My Academic Year as a CSW
Thinking back over the past academic year, as a CSW, it’s worthwhile to reflect on what has happened, both good and bad. At the start of the year, we are introduced to our students who come in all shapes and forms, some ready, willing and confident. Some, nervous, shy and unsure.
Either way, it is our job to encourage and empower them in their academic journey. We find a way to ensure clear communication and a good working relationship with the student. We make time to understand their needs and adapt our own working practices to meet them.
Year to year, our role varies but some things never change.
The year begins with inductions; sometimes new and intriguing, sometimes familiar and memorable. We may have worked at the establishment before and be accustomed to our surroundings and fellow staff. On the other hand, we may be walking onto unknown ground and an unfamiliar structure. However, we adapt to our surroundings like a Darwinian bird.
As CSW and student ease into the academic year, we learn about:
the educational establishment
what is expected in the course
the tutor’s teaching style
the student’s peers
the class dynamic
the student’s leaning style
how best to support the student and many more factors come into play.
These factors are not something we learn overnight, it takes time and progression as the academic year goes on.
For me, the environment has been relaxing and calm this year and liaisons between me, tutors, other support staff and students has come with ease and clarity.
The Deaf awareness within the establishment and classroom has also progressed and improved nicely since the start of the academic year.
Although the road has mainly been smooth, it has not been without the occasional bump. I have incurred some challenges throughout the year such as:
late or missing tutors
understanding specialist vocabulary and how to translate this
and poor organisation
Without doubt, life as a CSW has its challenges and these incidences will always occur with or without warning. However, it is our job to overcome these and to reflect upon how we have handled situations and how for next time, things could be improved. With every new academic year comes new and old challenges but this means every year, as CSWs, we have opportunities to gain experiences, learn new skills and improve our working practices.

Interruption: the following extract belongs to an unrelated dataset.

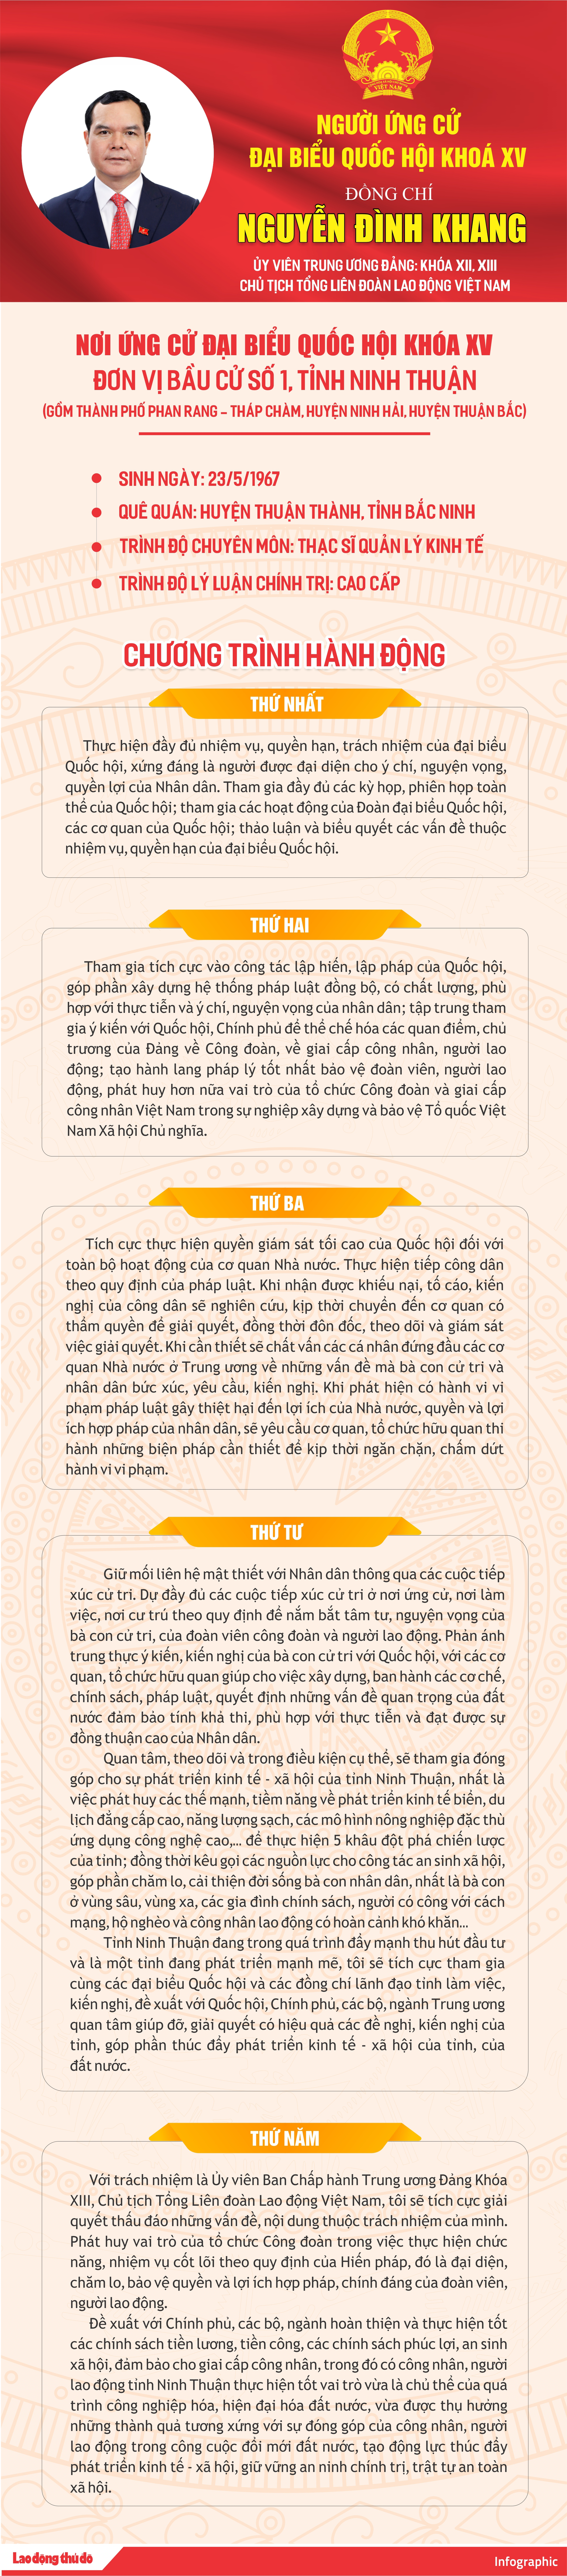 [Infographics] Chương trình hành động của ứng cử viên đại biểu Quốc hội khóa XV Nguyễn Đình Khang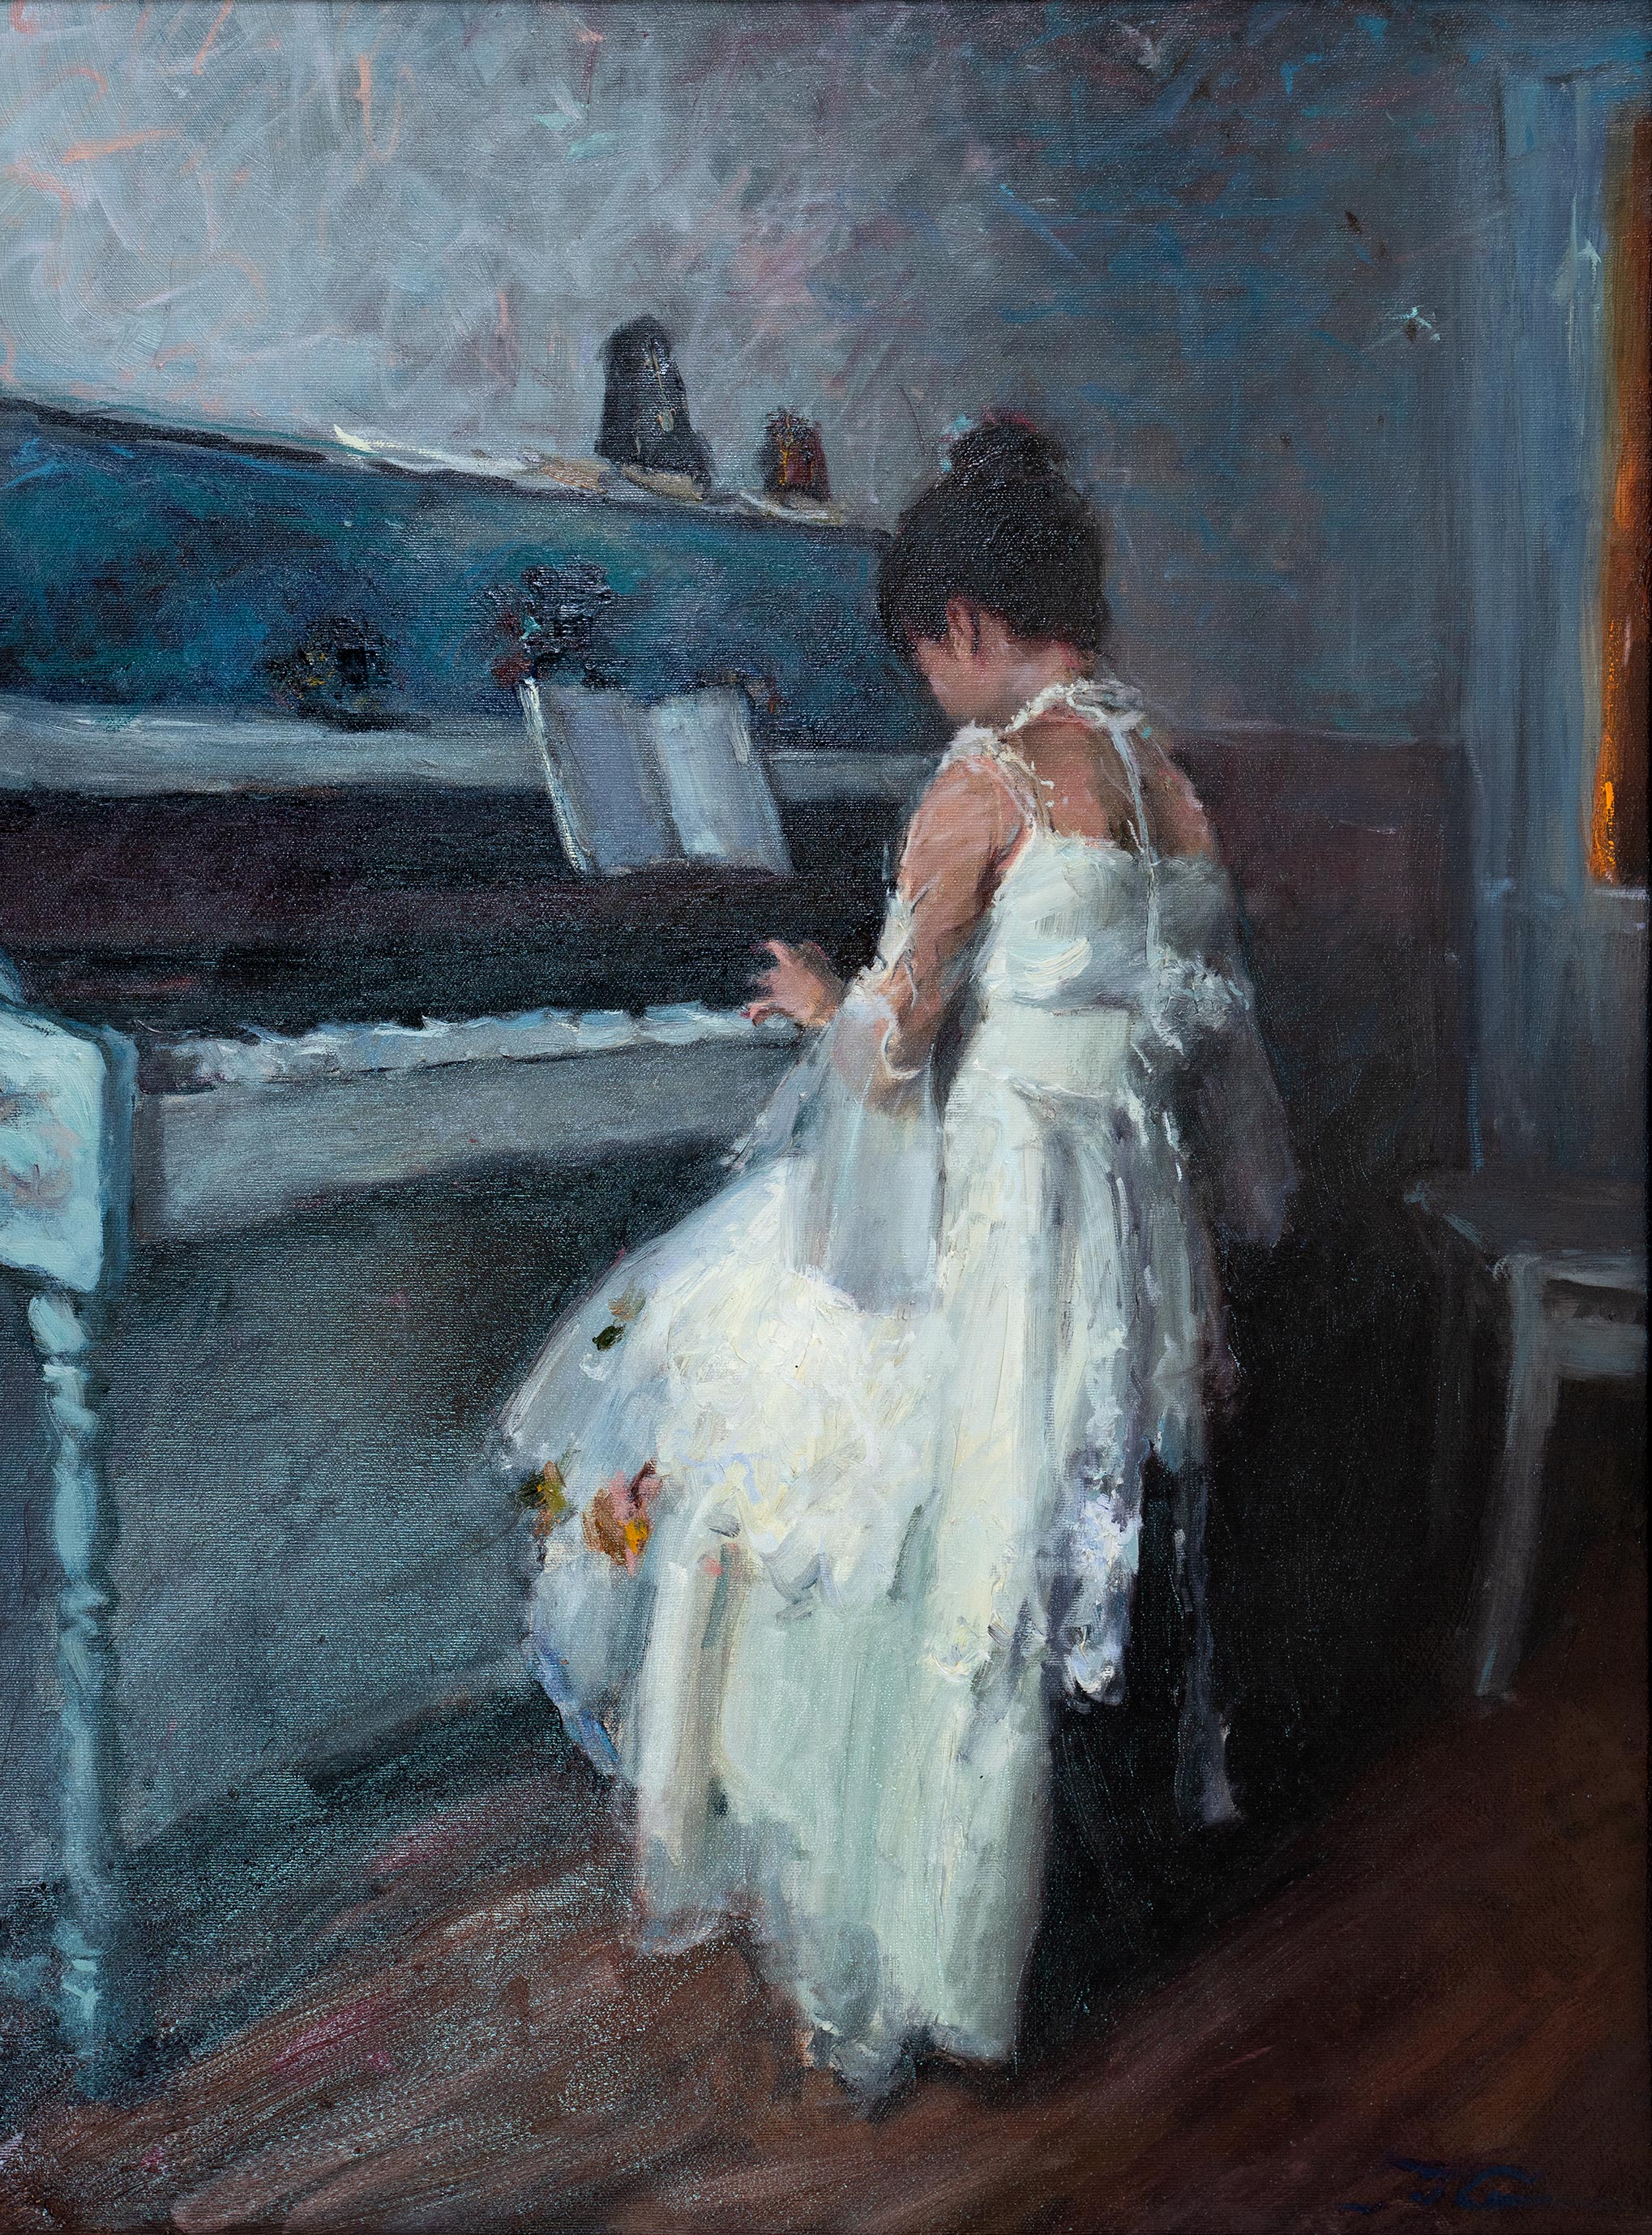 Piano - 1, Sergei Prokhorov, Buy the painting Oil

As the year continues, students relax into their environments, make new friends and get to grips with managing their workload. As a CSW we now know our students well and have many ways to support them to ensure learning can ensue.
Towards the end of the academic year, exams start to loom and the importance of revision is the constant topic of conversation. This is not only significant for our Deaf students but also for CSWs. It is our role to check the right support is in place for the students we support but also to actually support in their exams.
We must clarify our role in the exam for ourselves and for the student. I also like to remind myself of the exam regulations for support staff and prepare by revising vocabulary and course topics. Once those exams are finished, it’s not only a big relief for the students but also for us CSWs – phew!
As the academic year draws to an end, we support our students to prepare for their next step, set new goals but also to relax and enjoy their summer. Us CSWs can then also finally unwind and look forward to starting all over again with new students for the next academic year.